60-летний Гаэтано, всю жизнь проведший среди лошадей, тонко чувствующий их и до последних дней работавший наездником и дрессировщиком, передал любовь к этим животным всей своей семье. Жена Вильгельмина, трое сыновей и три дочери — все, как и отец, были наездниками и работали в цирке: «Семейство г-на Чинизелли и его три сына выводят дрессированных лошадей с редким искусством, как и три дочери на лошадях высшей школы, с изяществом и грацией…»[94].
Пышно украсив впечатляющие интерьеры здания малиновым трипом, скульптурами муз, огромными люстрами, золотом и куполом, обтянутым холстом с собственным изображением верхом на коне, хозяин цирка не забыл и о комфорте обожаемых им животных — конюшни при цирке представляли из себя невиданное зрелище. В благоухавшее духами, украшенное фонтанами, аквариумами и зеркалами отделанное мрамором помещение посмотреть на лошадей допускалась только привилегированная публика и гости семьи. Даже на состоявшихся вскоре похоронах 66-летнего Гаэтано за гробом циркача следовала его любимая лошадь, ведомая старшим сыном итальянца.

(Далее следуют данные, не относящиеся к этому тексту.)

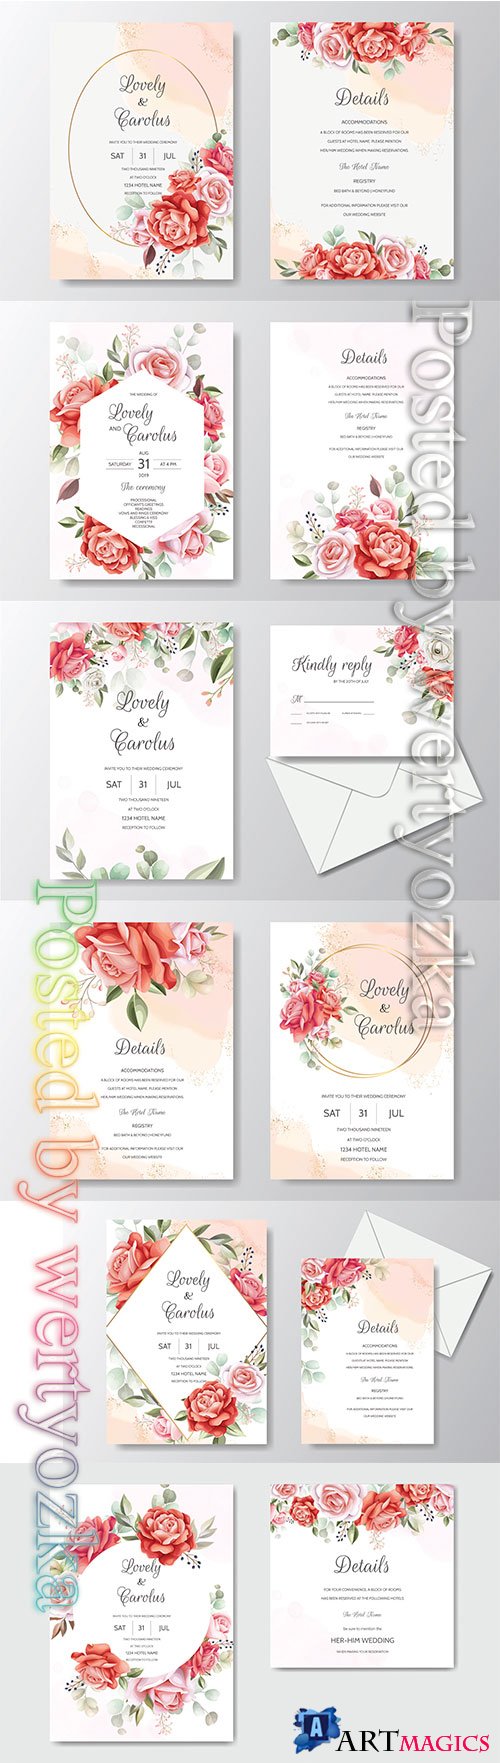 Beautiful floral wreath wedding invitation card template # 5

После смерти отца семейства управление цирком перешло сначала к его жене, а затем к старшему сыну Андреа. Последним же владельцем здания стал младший сын Гаэтано, 26-летний Сципионе, унаследовавший бизнес после смерти Андреа в 1891 году. Он сумел продолжить семейное дело до самой революции. Еще осенью 1917 года цирк Чинизелли, как в старые времена, блистал своей нарядной отделкой, швейцарами в униформе, классовым разделением зрительских мест. Той же осенью, однако, эти стены из арены красочных представлений превратились в арену для бурных митингов, устраивавшихся разными политическими партиями. Национализация здания в 1919 году стала финальной точкой в истории петербургской славы семьи Чинизелли — Сципионе был вынужден эмигрировать в Европу, где, по сообщениям газет, бывший циркач, когда-то обладавший капиталом и славой и обедавший в лучших домах, влачил нищенское существование и страдал от голода.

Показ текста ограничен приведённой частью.